TUSCALOOSA — University of Alabama President Robert Witt’s white colonial mansion sits almost equidistant from two symbols of the institution he oversees.

To the north, facing his two-story, six-columned dwelling, across University Boulevard and the grassy quad, is the Amelia Gayle Gorgas Library. Its echoing stairwells lead to five floors of ivory aluminum stacks bearing the bulk of the Capstone’s 2.5 million volumes.

It is a hub of scholarship for the university’s 21,414 students and 1,148 faculty members who began the year at Alabama last fall. Its resources aided many of last year’s 4,369 graduates and those who performed $75 million in research last year in aeronautics, health, transportation and education.

To the west of the mansion, towering over its corner of campus, is Bryant-Denny Stadium. Four bronzed legends stand guard, surrounded by their national title inscriptions.

Wade. Thomas. Stallings. And, yes, Bryant.

In their semi-circle shrines, with arms crossed or folded behind their backs, they wait at attention for whomever will follow and make his place in a vacant fifth well.

After a six-week search, the University of Alabama hired the man Crimson Tide faithful hope will restore the glory those statues represent.

But some among the academic set wonder what they might see for themselves in exchange for Nick Saban’s $4 million annual salary, the richest deal in college sports history.

A Crimson cashbox

The athletics department at Alabama was one of 23 NCAA Division I programs nationwide to operate at a profit last year, according to data reported to the Office of Postsecondary Education at the U.S. Department of Education.

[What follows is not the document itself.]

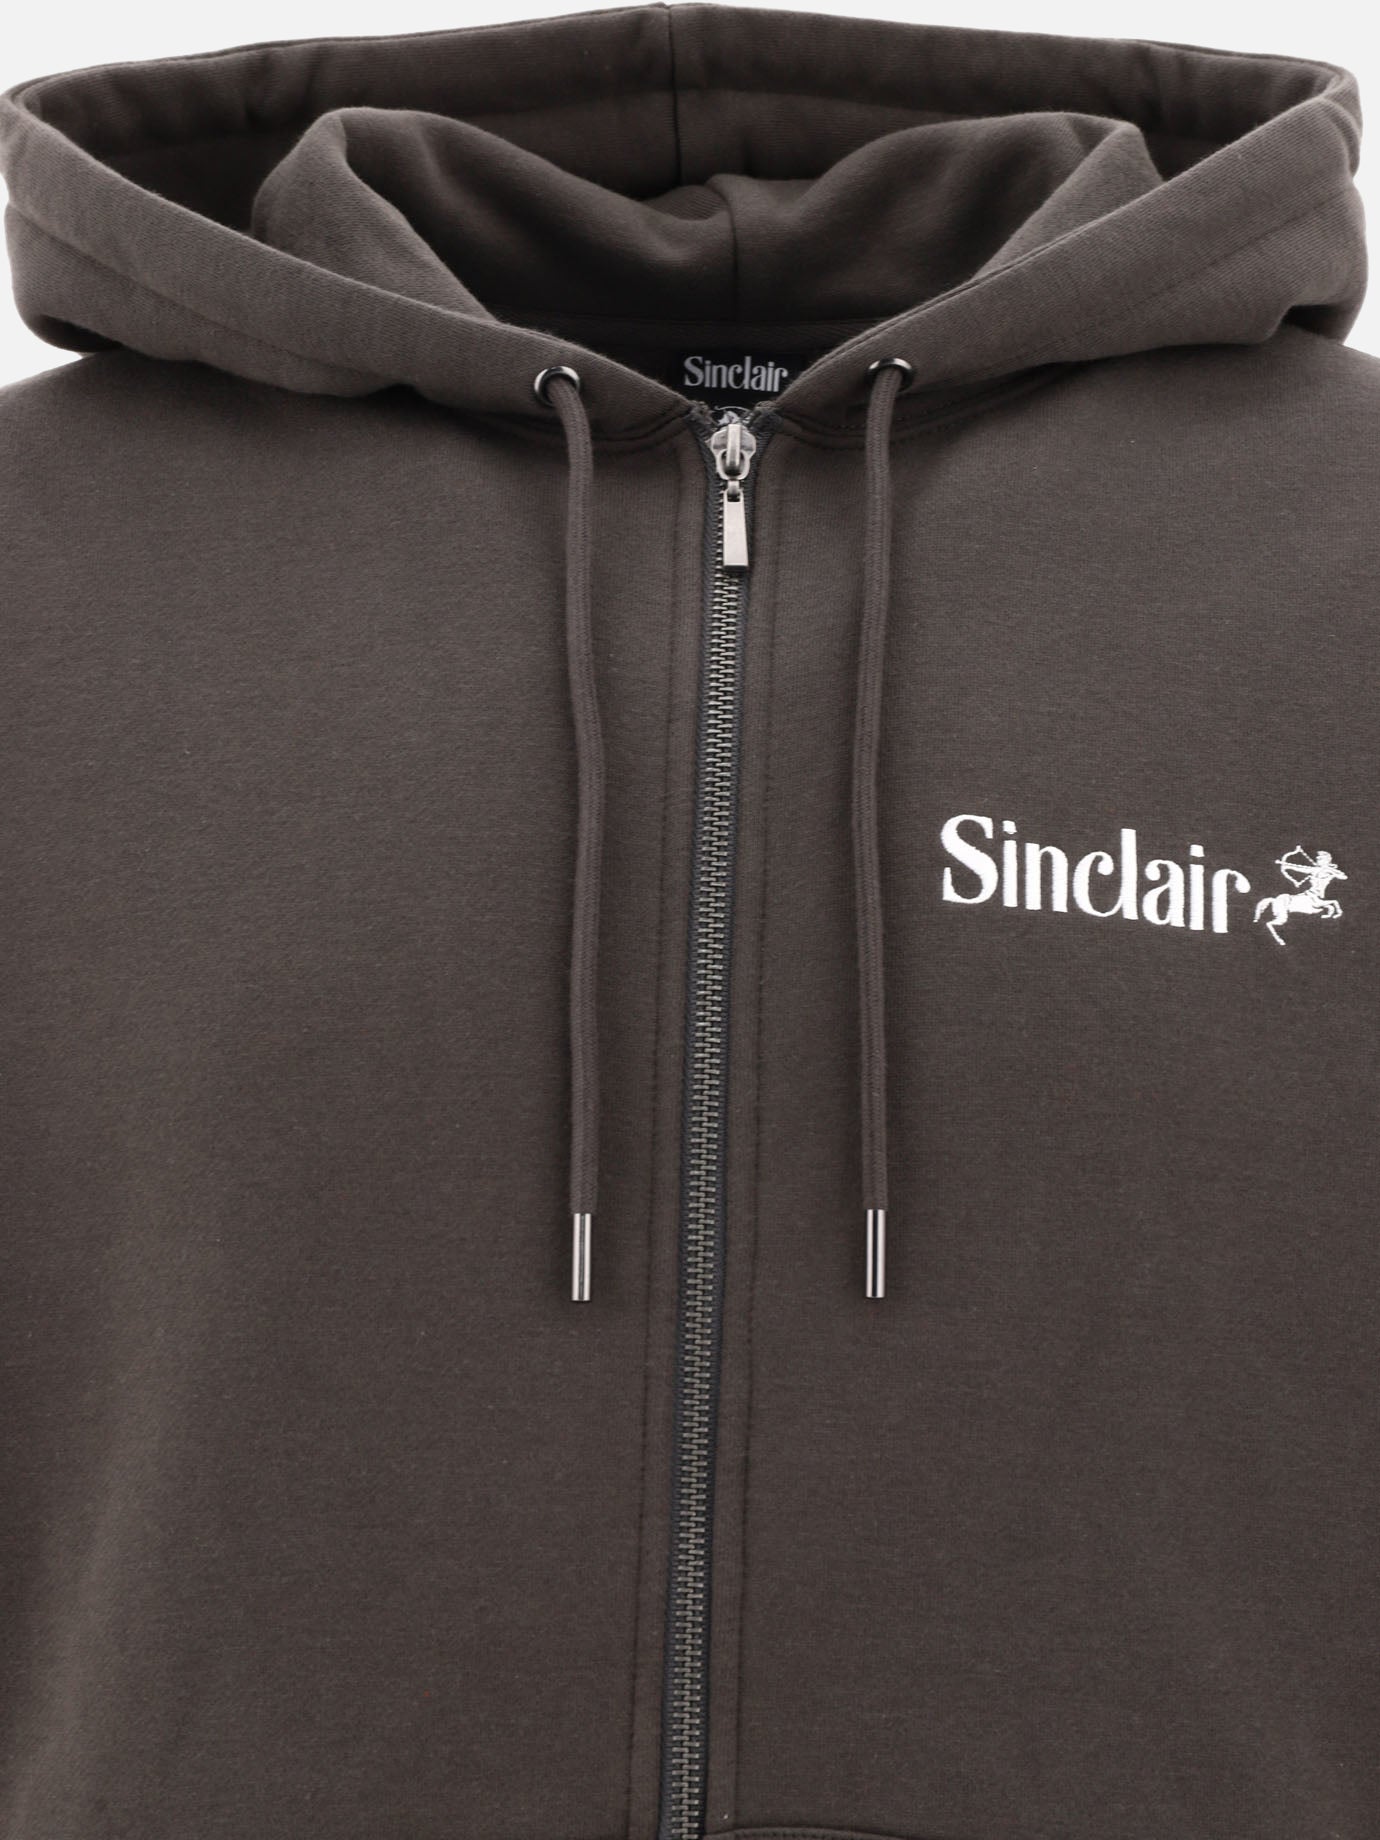 "Sagittarius" zipped hoodie

Tide athletics officials are quick to note that their department pays for itself. The Legislature allocated the university $171 million this fiscal year, and the 13 percent increase requested by the Alabama Commission on Higher Education for fiscal 2008 — to $193 million — doesn’t include any requests for athletics.

Instead, the 90,000 fans who swarm campus six or seven Saturdays every fall pay for their tickets and those licensed houndstooth caps, jackets, sundresses and purses, and thus the bulk of a $61.5 million athletics budget.

At Alabama, as at just about all other college programs, the popularity of 12 or 13 football games every year means scores of swimmers, golfers and high-jumpers can enjoy the intercollegiate athletics experience.

Football’s $27.2 million profit in 2005-06 more than covered the $18.8 million in expenses incurred by 325 athletes in 15 other sports. Men’s basketball is the only other Tide sport to turn a profit.

Numbers like that led to Alabama’s ranking of No. 7 on a Forbes magazine list of the most valuable college football teams last December, behind the likes of Notre Dame, Texas, Michigan and Ohio State, and ahead of Tennessee, Oklahoma and Louisiana State.

When Saban’s hiring — and record-breaking contract — led nearly every national sports radio and television broadcast Jan. 4, university officials knew more attention to Crimson could mean more black on the balance sheet.

“The figures we’ve seen indicate that this program can pay for a coach of that magnitude,” said UA trustee John England. “A coach the magnitude of Nick Saban can enhance what is already going on. … As long as the program continues in the direction it is in now, it will be able to handle it without a problem.”

An eight-year study published by the NCAA in 2003 showed no direct relation between spending and winning percentage. But results from other schools with recent football success offer a glimpse of the bounty that could await Alabama, should the Tide’s fortunes on the field improve.

A 6-6 record earned the Tide the Southeastern Conference’s ninth and final bowl slot this year, a bid to the Independence Bowl.

The conference uses a four-tiered system to decide how much money athletics departments receive from their postseason appearances, depending on how much the bowl game pays out for each team.

In the SEC, a team takes its set share off the top, and the remainder is split 13 ways — one equal piece to the conference’s 12 teams, and a final share to the conference.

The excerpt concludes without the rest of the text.